Com certeza. Cada vez que realizo uma missão para o exterior com profissionais mulheres de dentro e fora da porteira, há um interesse genuíno dos países em saber o que manejamos e o que praticamos. Gerar sustentabilidade não é só ambiental. Temos que pensar na sustentabilidade social e econômica também. Não podemos pensar em um agro produtivo, engajado, cada vez mais representativo na balança comercial, que gera emprego e riqueza, sem pensar que ele seja inclusivo. Ele tem de ser plural para todos.
Falamos de Brasil, mas como é o cenário de participação de mulheres no agronegócio ao redor do mundo? Como o Brasil está em relação a outros países?
O Brasil já esteve muito mais atrasado do que está. Vemos países da América Latina partindo agora para esse movimento da valorização da participação da mulher do agro, como o Paraguai – movimento que o Brasil iniciou há seis anos. A Argentina também trabalha essa valorização. Os Estados Unidos são referência na liderança da atuação das mulheres do agro, com modelo de gestão das mulheres dentro e fora da porteira. Como temos presença de muitas empresas multinacionais, temos inspiração de ações dessas empresas internacionais e, assim, vemos o agro nacional acelerando suas políticas ESG.
“O setor público caminha junto com o privado. Tanto é que há Estados com suas primeiras secretárias de Agricultura”
Gostaria que você me contasse um pouco de sua experiência pessoal. Como mulher no agro, que desafios já enfrentou e quais ainda enfrenta?
O machismo e o preconceito não me pararam. Mas nunca desacelerei por causa disso. Me frustrei e sofri muito, mas jamais calei minha voz ou desisti de um projeto porque tentaram me fazer acreditar que eu não pudesse.

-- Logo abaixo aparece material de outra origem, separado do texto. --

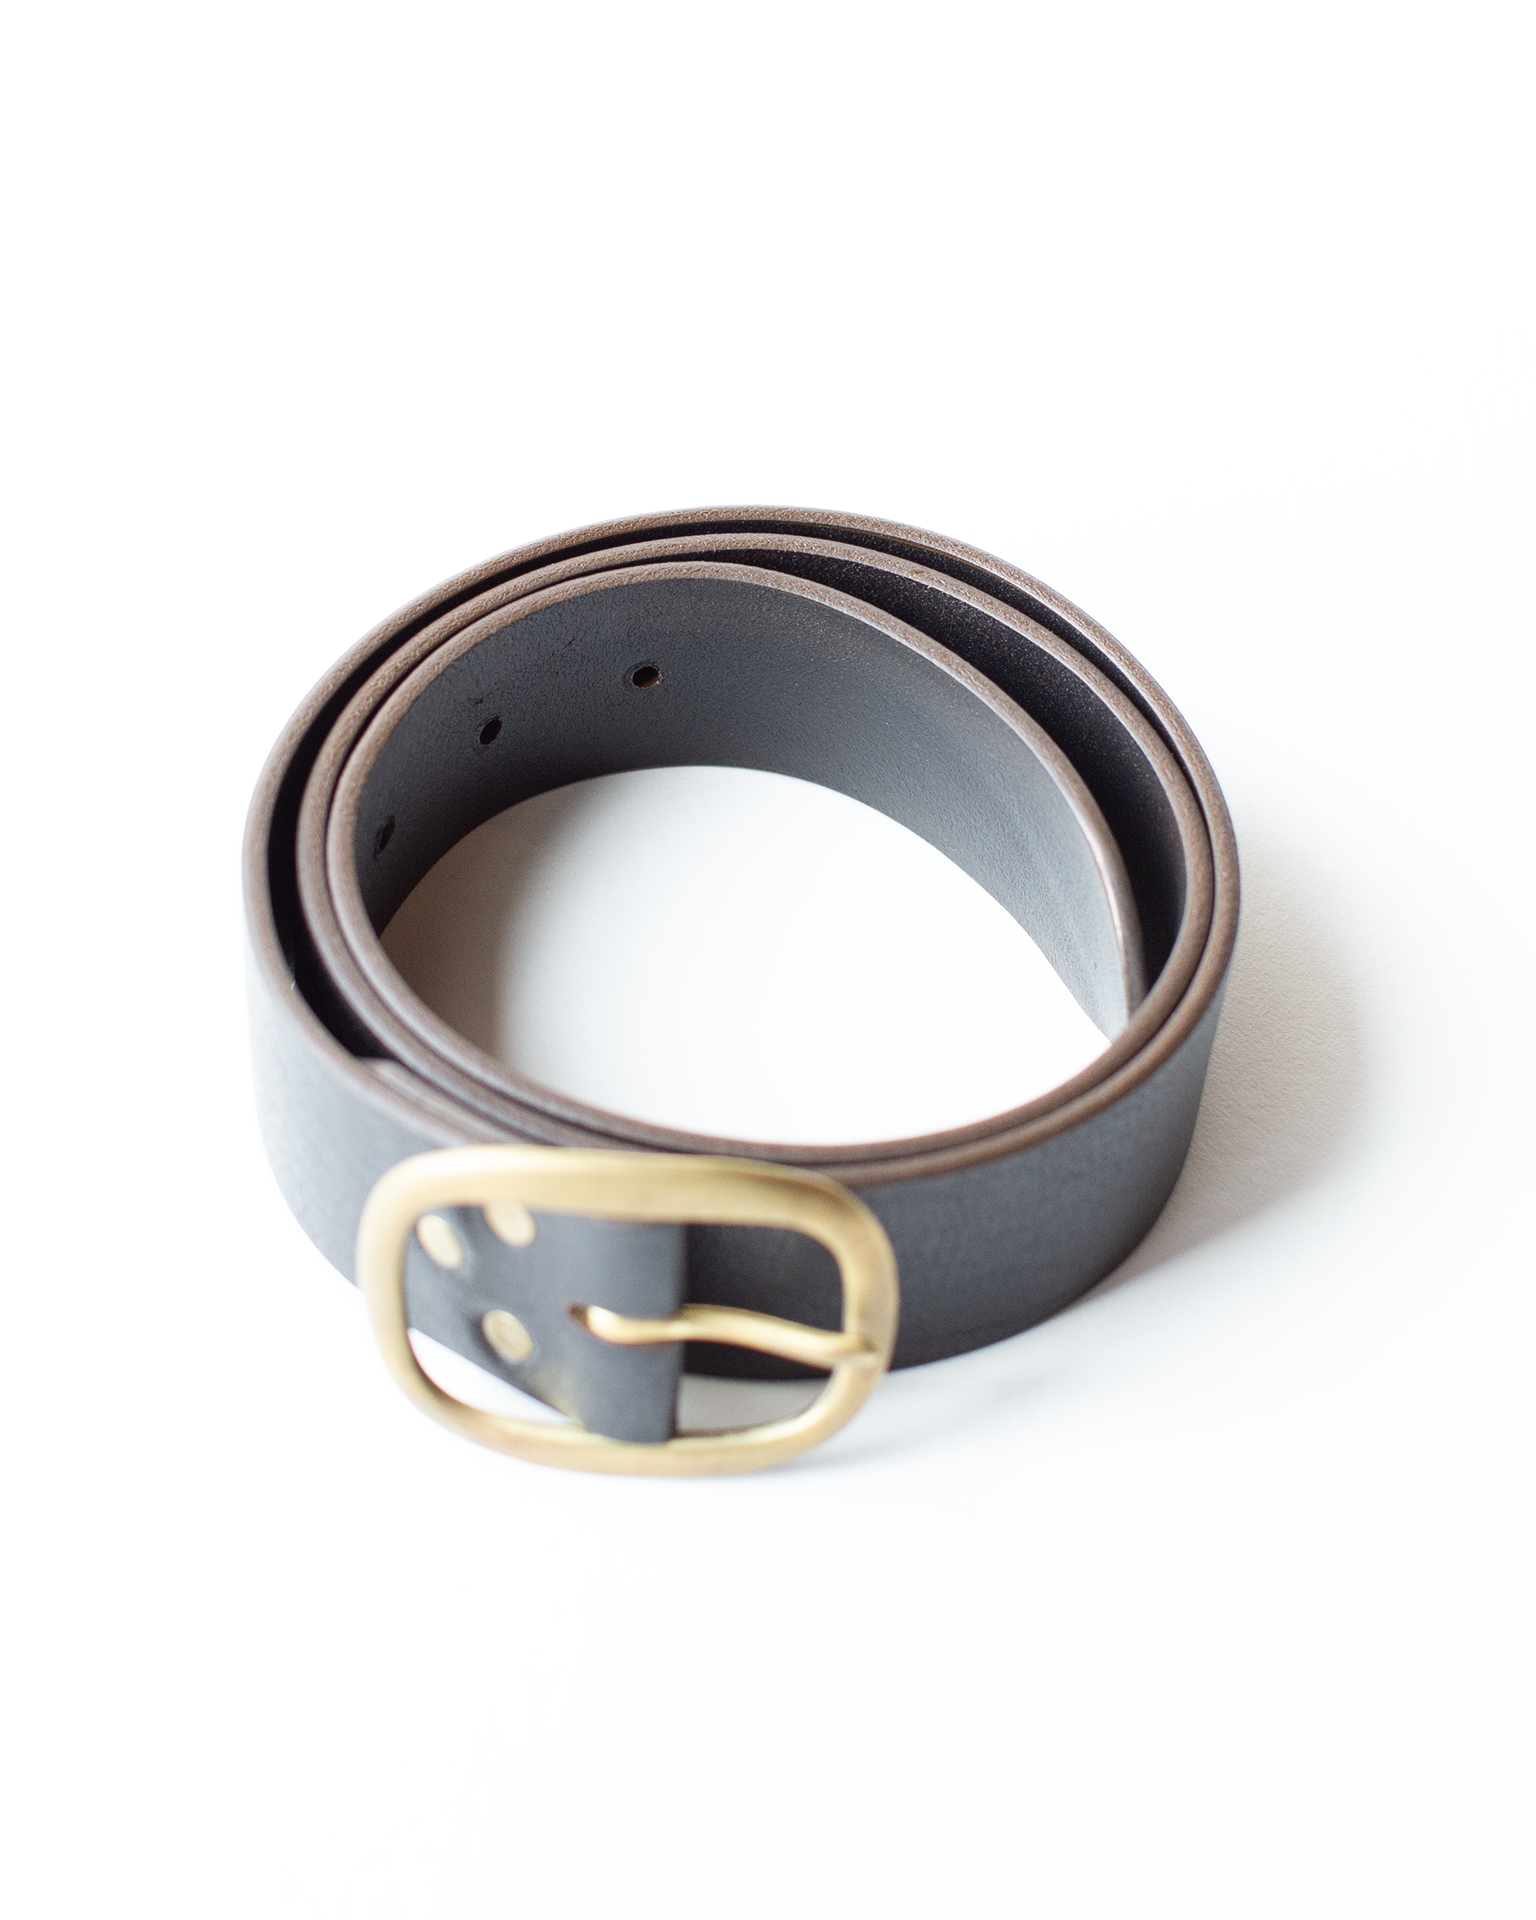 Depalma Handsewn Clasico Belt 1.5 w/o Rivets in Black w/ Brass

Um dos grandes desafios que tive e que foi inegável foi a “síndrome da impostora”, quando diziam que eu não podia ou não dava conta. Os desafios foram muitos, mas tive coragem de não calar minha voz e de seguir. Outro desafio que ainda enfrento é o próprio fogo amigo. Sou grande defensora da sororidade, mas muitas mulheres, infelizmente, ainda não sabem a importância da sororidade. Dentro da minha atuação como especialista em agro, muitas vezes fui preterida em palestras por outros homens. Ainda hoje, os palcos nacionais são masculinos e deixo de ser convidada porque sou mulher. Até hoje, sigo tentando consolidar minha atuação, embora seja referência como consultora em commodities agrícolas.
Quais são hoje os principais entraves para aumento da participação feminina na tomada de decisão no campo?
O grande entrave ainda é o preconceito – o machismo –, seja dentro da porteira seja fora da porteira. Precisamos trabalhar muito a parte cultural.